For full control (and the only option in TypeScript, which has no managed download), drive the REST API yourself: poll the run for status, page through results as they're generated (cursor-paginated, so you can read them before the run finishes), and stop early. See Output format for the object shapes.

import time

design = client.small_molecule.design.start(target=target, num_molecules=100)

# Poll the run for status and progress.
while design.status not in ("succeeded", "failed", "stopped"):
    time.sleep(10)
    design = client.small_molecule.design.retrieve(design.id)
    p = design.progress
    print(f"{design.status}: {p.num_molecules_generated}/{p.total_molecules_to_generate}")

# Page through scored molecules; sort by binding_confidence (most confident binders)
# or optimization_score (lead optimization).
results = list(client.small_molecule.design.list_results(design.id))
results.sort(key=lambda r: r.metrics.binding_confidence, reverse=True)
for r in results[:5]:
    print(f"{r.id}  bind={r.metrics.binding_confidence:.2f}  opt={r.metrics.optimization_score:.2f}  {r.smiles}")

# Stop early once you've collected enough; results already produced stay available.
client.small_molecule.design.stop(design.id)

boltz-api small-molecule:design retrieve --id "$RUN_ID"      # run status + progress
boltz-api small-molecule:design list-results --id "$RUN_ID"  # scored molecules (paginated)
boltz-api small-molecule:design stop --id "$RUN_ID"          # stop early; partial results stay available

// Reuses the client and target from the Run section above.
let design = await client.smallMolecule.design.start({ target, num_molecules: 100 });

// Poll until the run finishes.
while (!["succeeded", "failed", "stopped"].includes(design.status)) {
  await new Promise((r) => setTimeout(r, 10000));
  design = await client.smallMolecule.design.retrieve(design.id);
}

// Stream scored molecules as they arrive (cursor-paginated).
for await (const result of client.smallMolecule.design.listResults(design.id)) {
  console.log(`${result.id}  bind=${result.metrics.binding_confidence}  ${result.smiles}`);
}

// Stop early once you've collected enough; results already produced stay available.
await client.smallMolecule.design.stop(design.id);

Metrics

Metric	Range	What it measures
`binding_confidence`	0–1	Confidence that protein binding occurs, combining affinity probability with structural quality.
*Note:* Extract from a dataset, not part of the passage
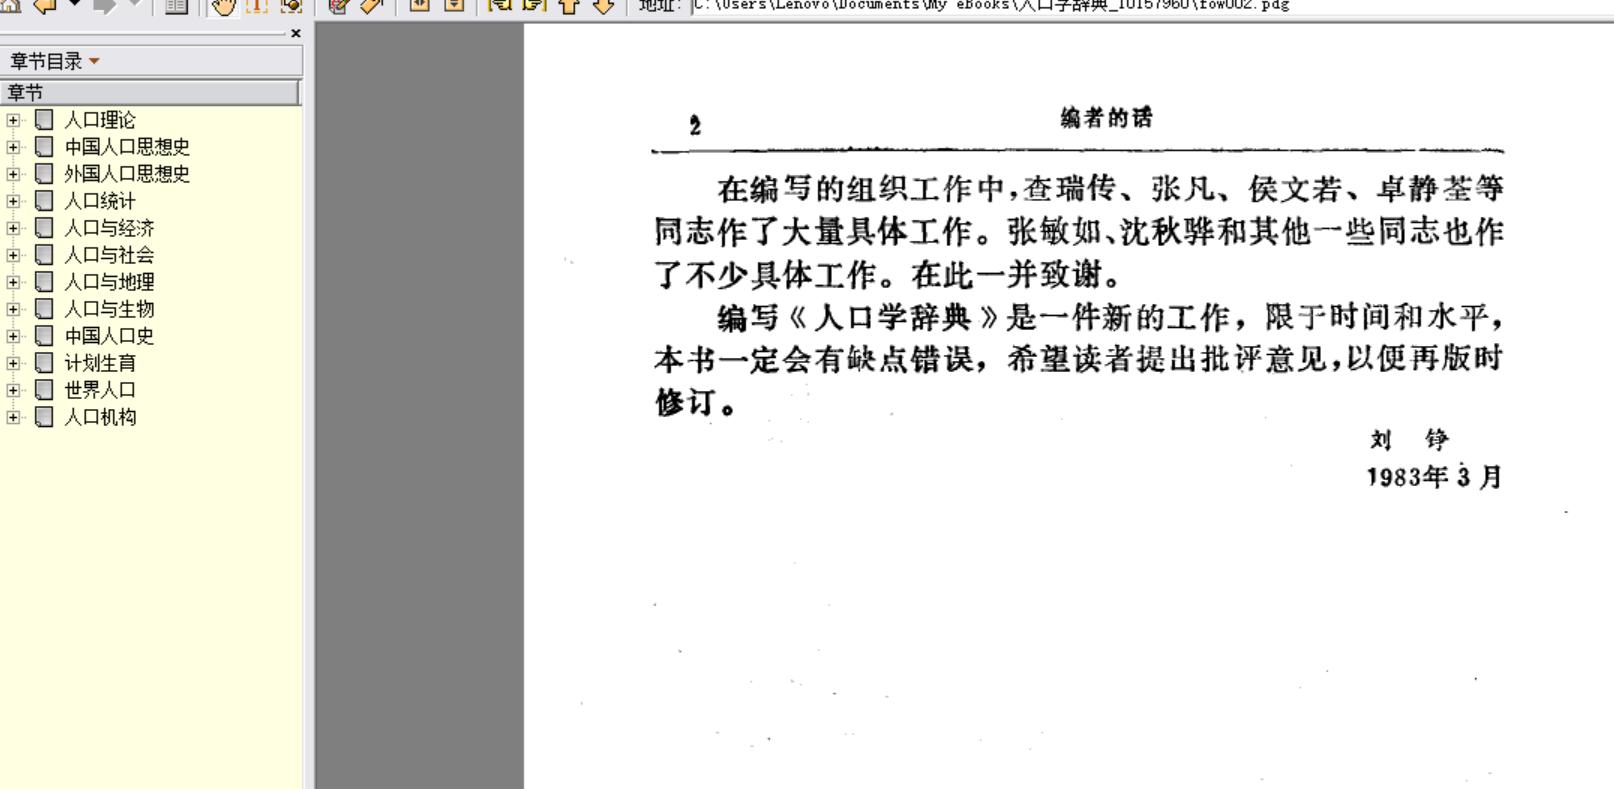 人口学词典_人口学词典362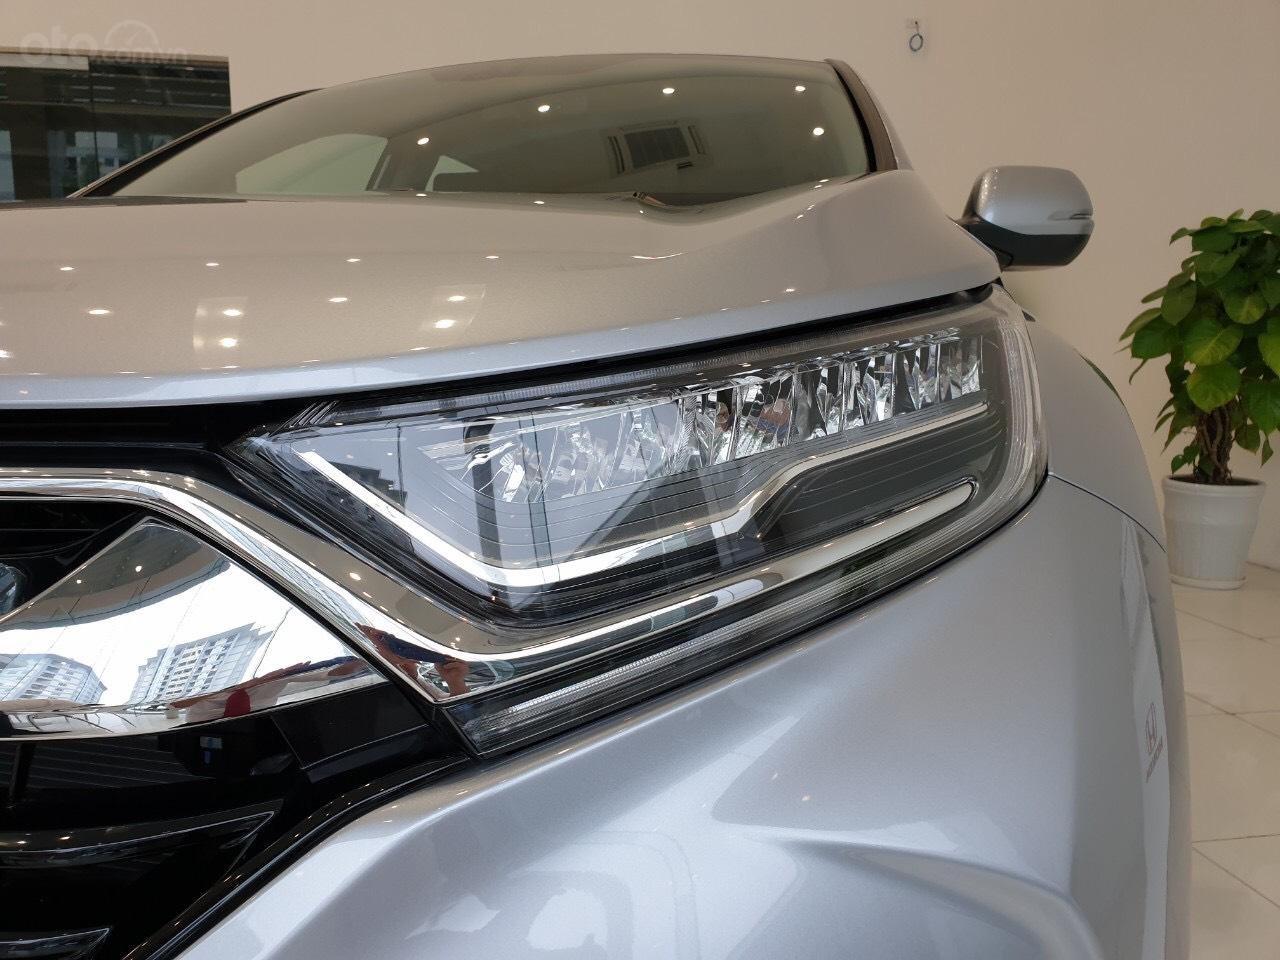 Honda CR-V 2019 nhập khẩu, tháng không lợi nhuận giảm sốc 50tr, liên hệ ngay 0913966066 để đàm phán lại giá (2)

For triage, 0.7+ is typically the high-confidence range.
`optimization_score`	0–1	Ranks relative binding strength for lead optimization, normalized 0–1 (higher is better). Use it to prioritize the top-scoring candidates within the same run rather than as a universal pass/fail threshold.
`structure_confidence`	0–1	Measures the confidence of the predicted structure (0 = low, 1 = high).
`iptm`	0–1	Interface predicted TM-score.
`ptm`	0–1	Global predicted TM-score.
`complex_plddt`	0–1	pLDDT across the full complex.
`complex_iplddt`	0–1	Interface pLDDT for the complex.

Status values

Status	Meaning
`pending`	The run is queued and has not started yet.
`running`	The run is actively generating molecules. Results may already be available.
`succeeded`	The run completed all requested molecules.
`failed`	The run encountered an error. Check the `error` field.
`stopped`	The run was stopped early. Partial results are available.